Given data –
↓↓↓

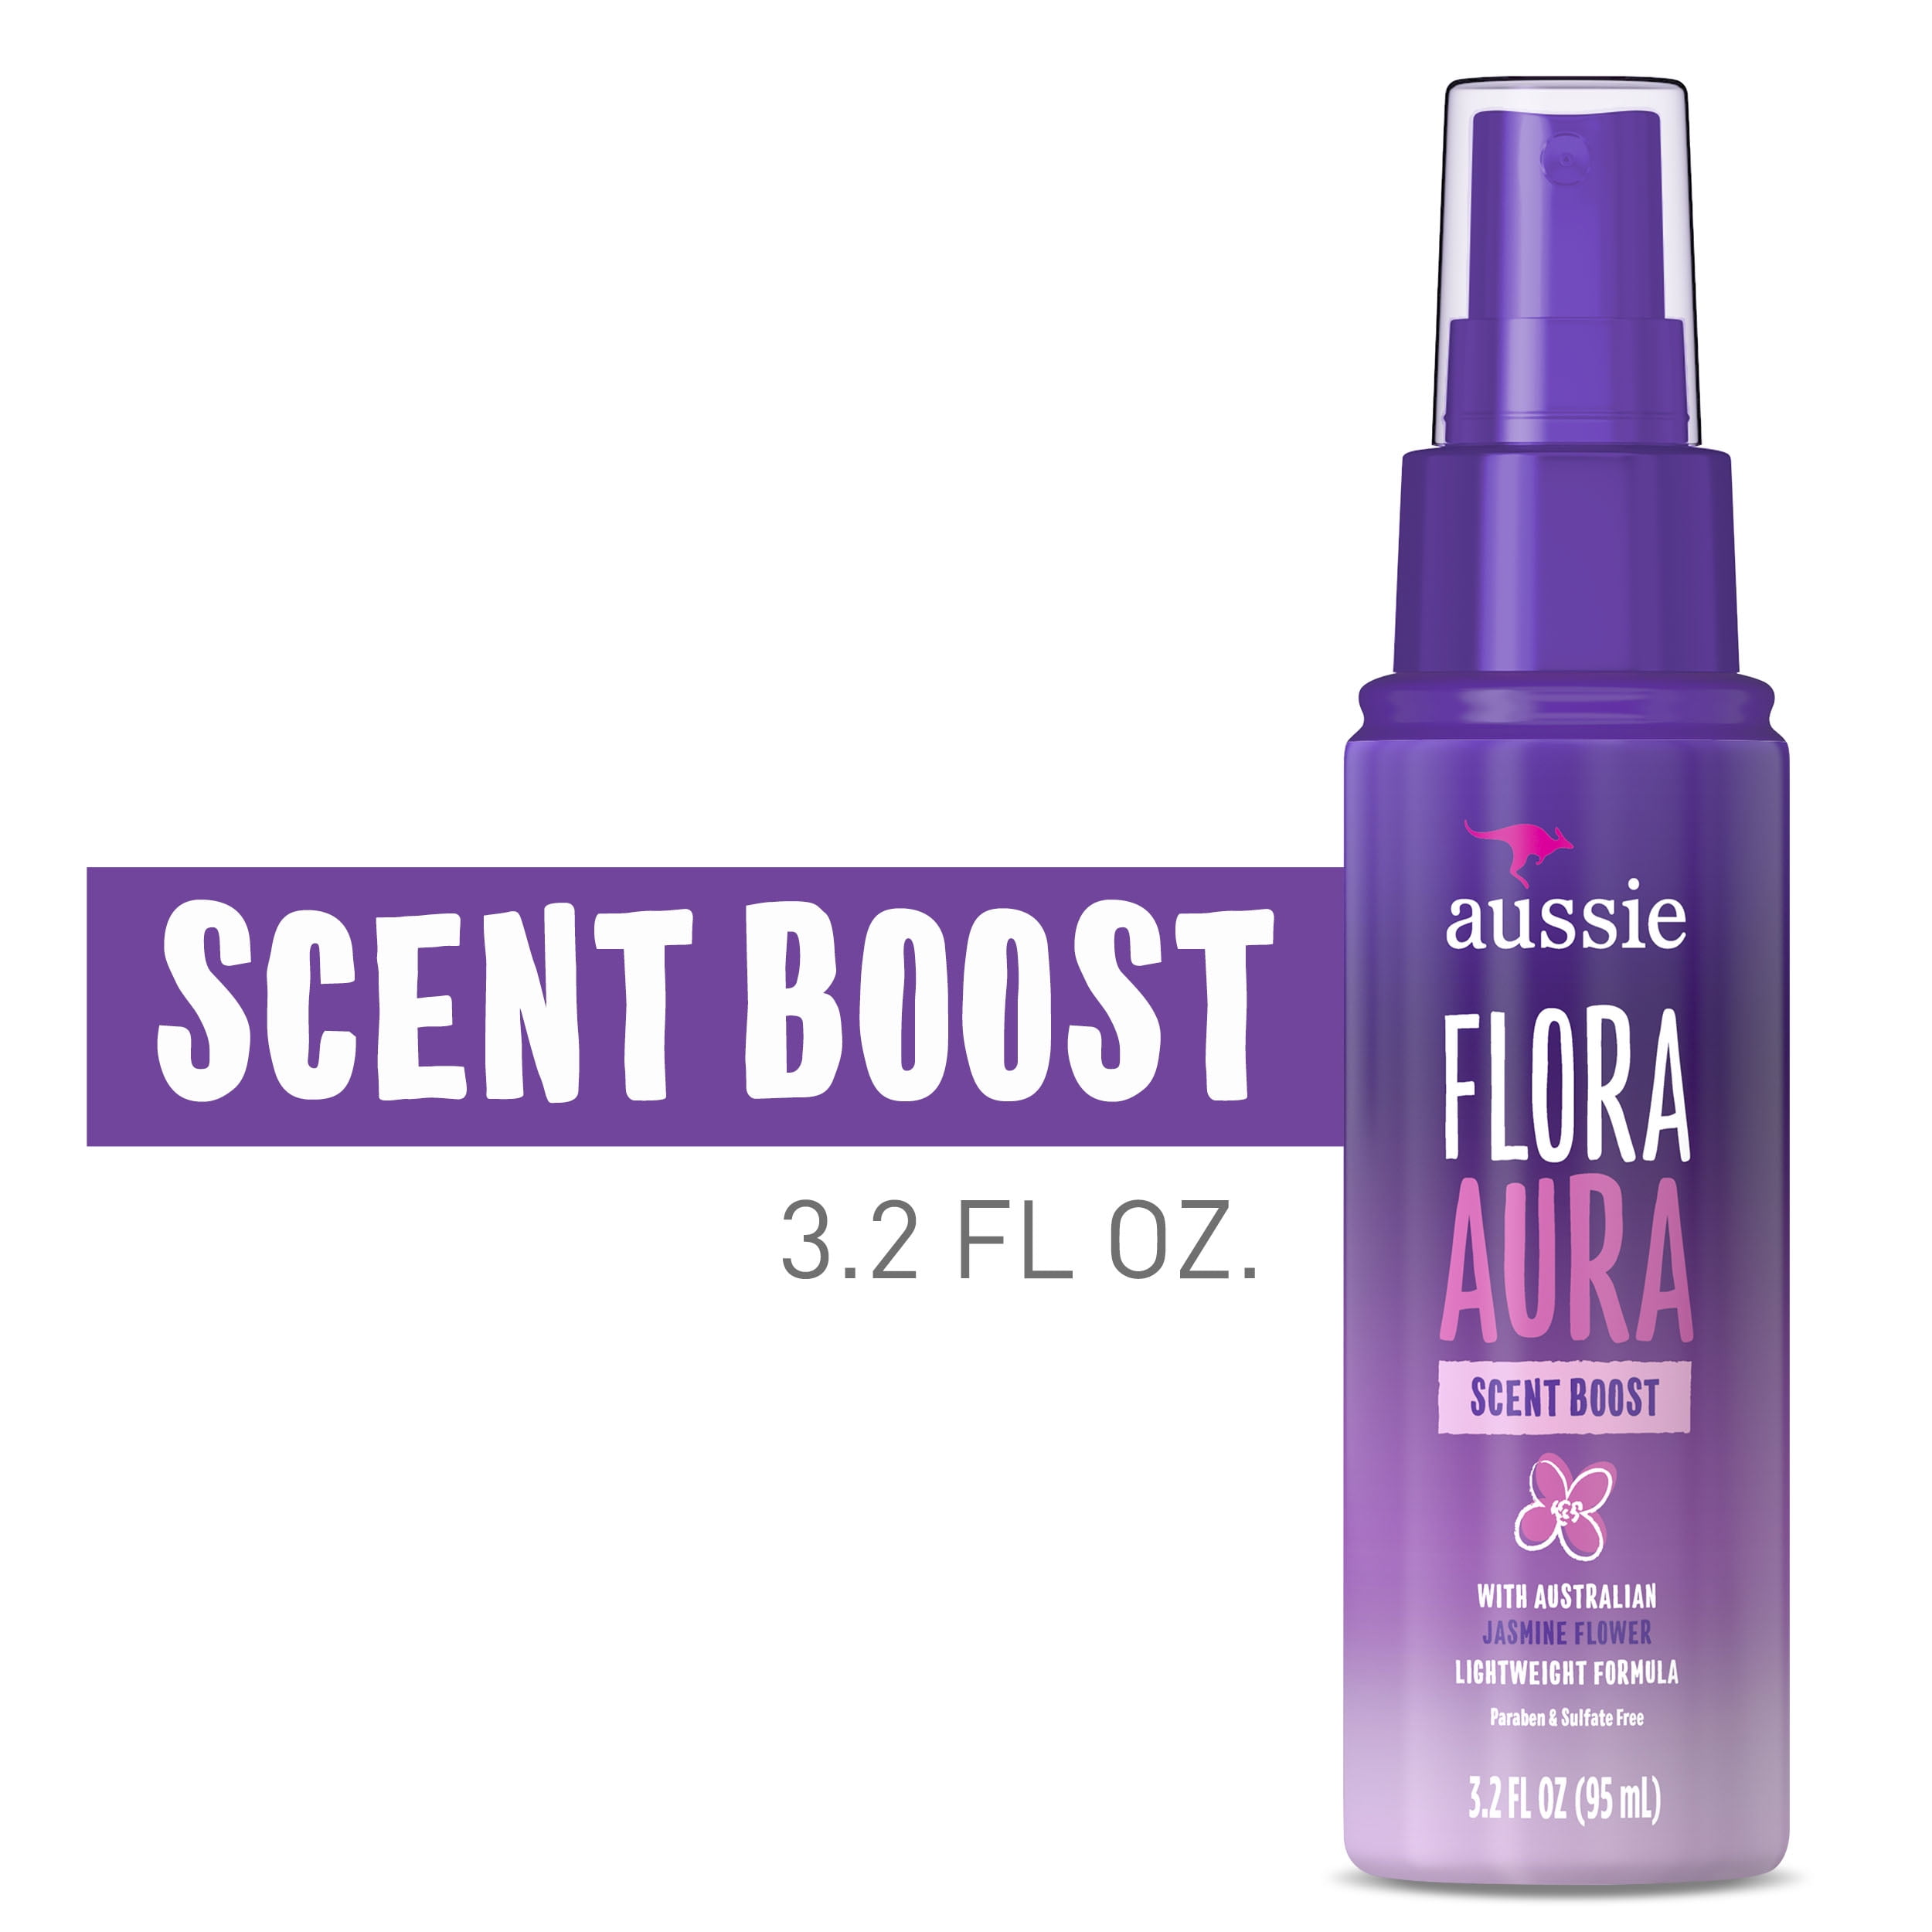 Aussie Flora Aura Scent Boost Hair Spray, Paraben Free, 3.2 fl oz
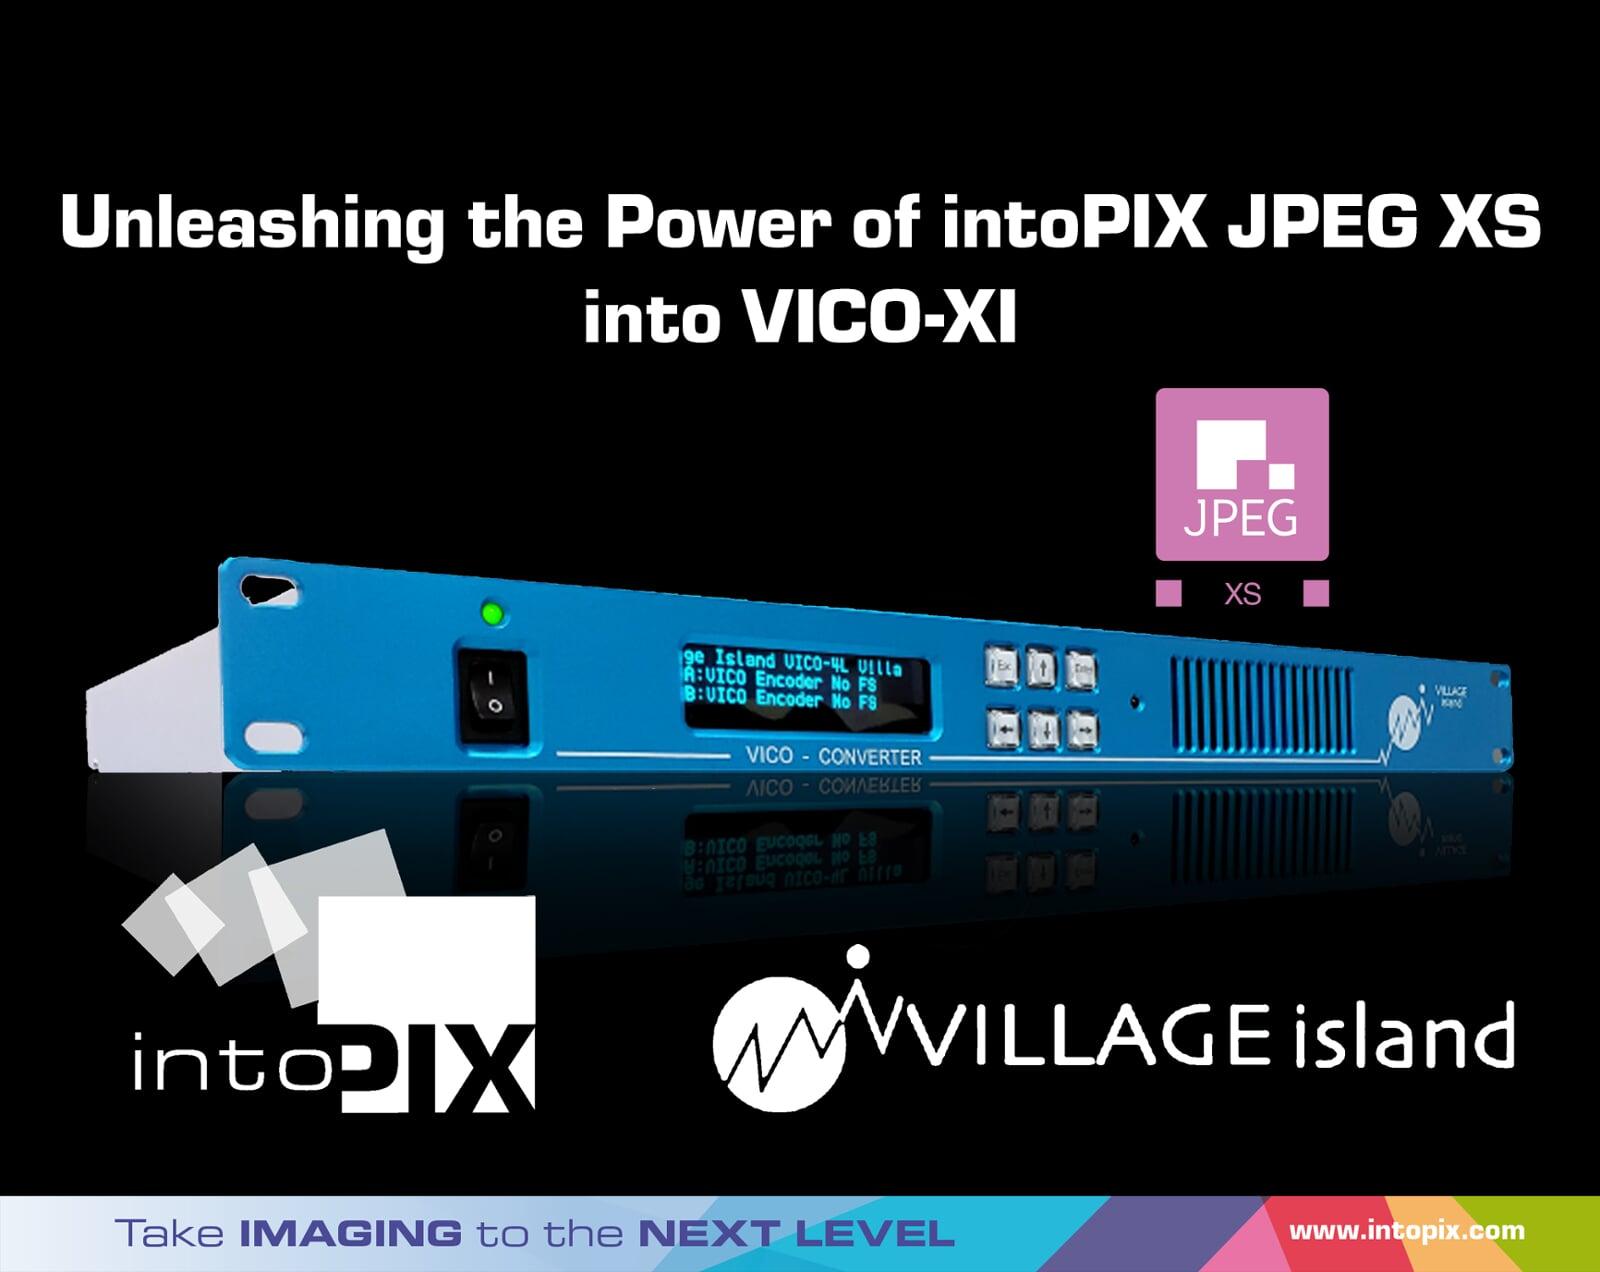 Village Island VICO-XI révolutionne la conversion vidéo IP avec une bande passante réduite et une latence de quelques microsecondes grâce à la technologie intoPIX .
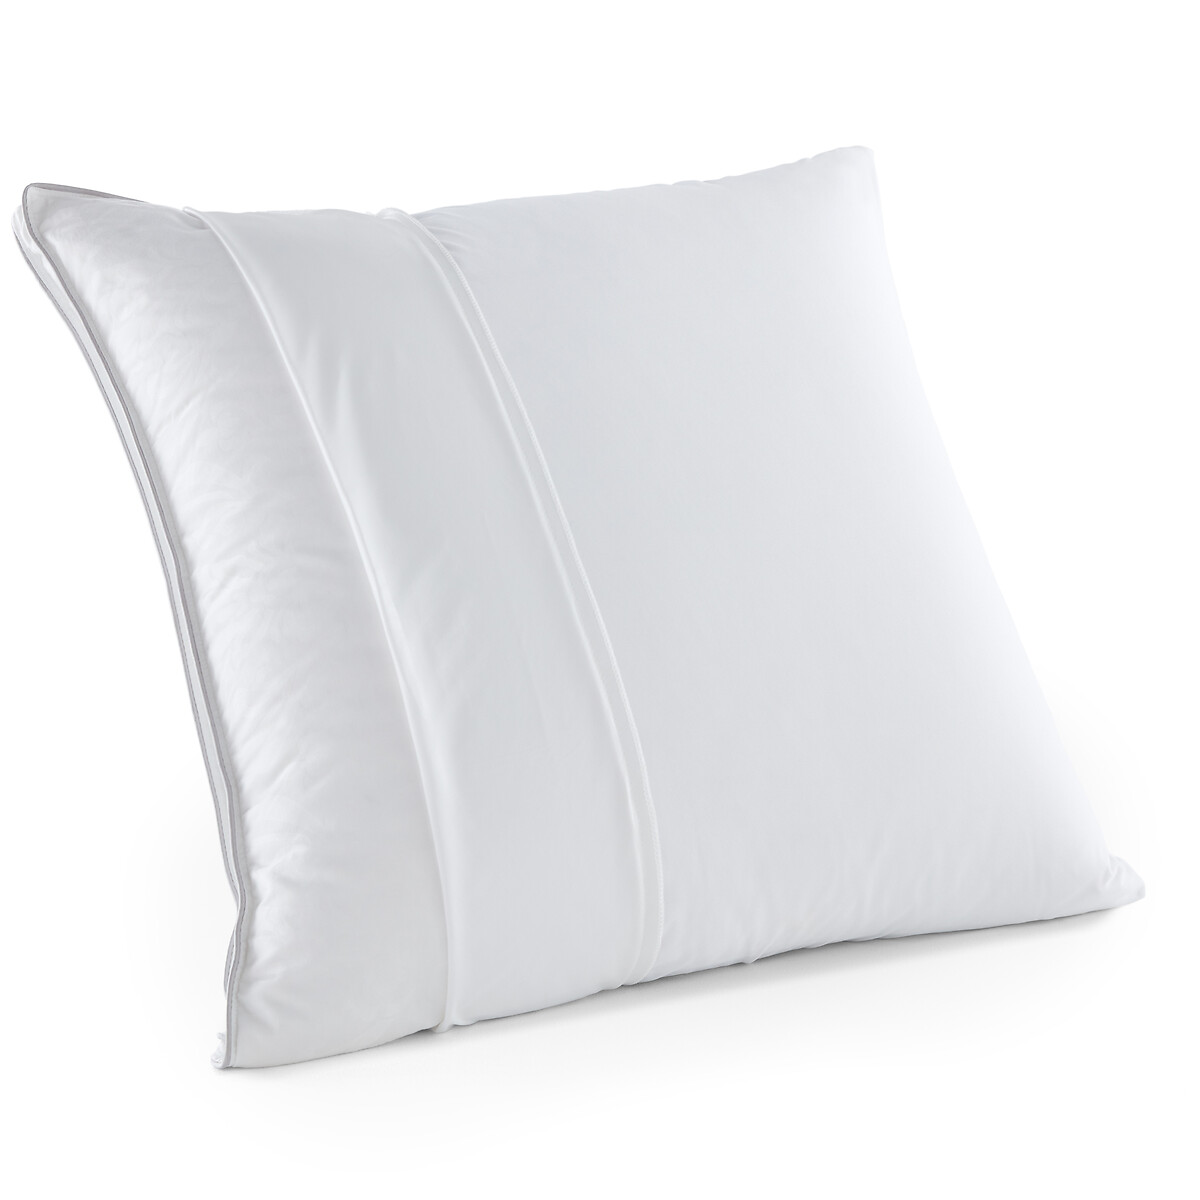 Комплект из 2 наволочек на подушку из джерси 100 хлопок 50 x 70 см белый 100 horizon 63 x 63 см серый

↑↑↑

Starting at the line that contains "Village Island VICO-XI", please write out each line through the last line of the data, both ends included, and keep pictures out of the copy.

Exercise output –
 Village Island VICO-XI révolutionne la conversion vidéo IP avec une bande passante réduite et une latence de quelques microsecondes grâce à la technologie intoPIX .
 Комплект из 2 наволочек на подушку из джерси 100 хлопок 50 x 70 см белый 100 horizon 63 x 63 см серый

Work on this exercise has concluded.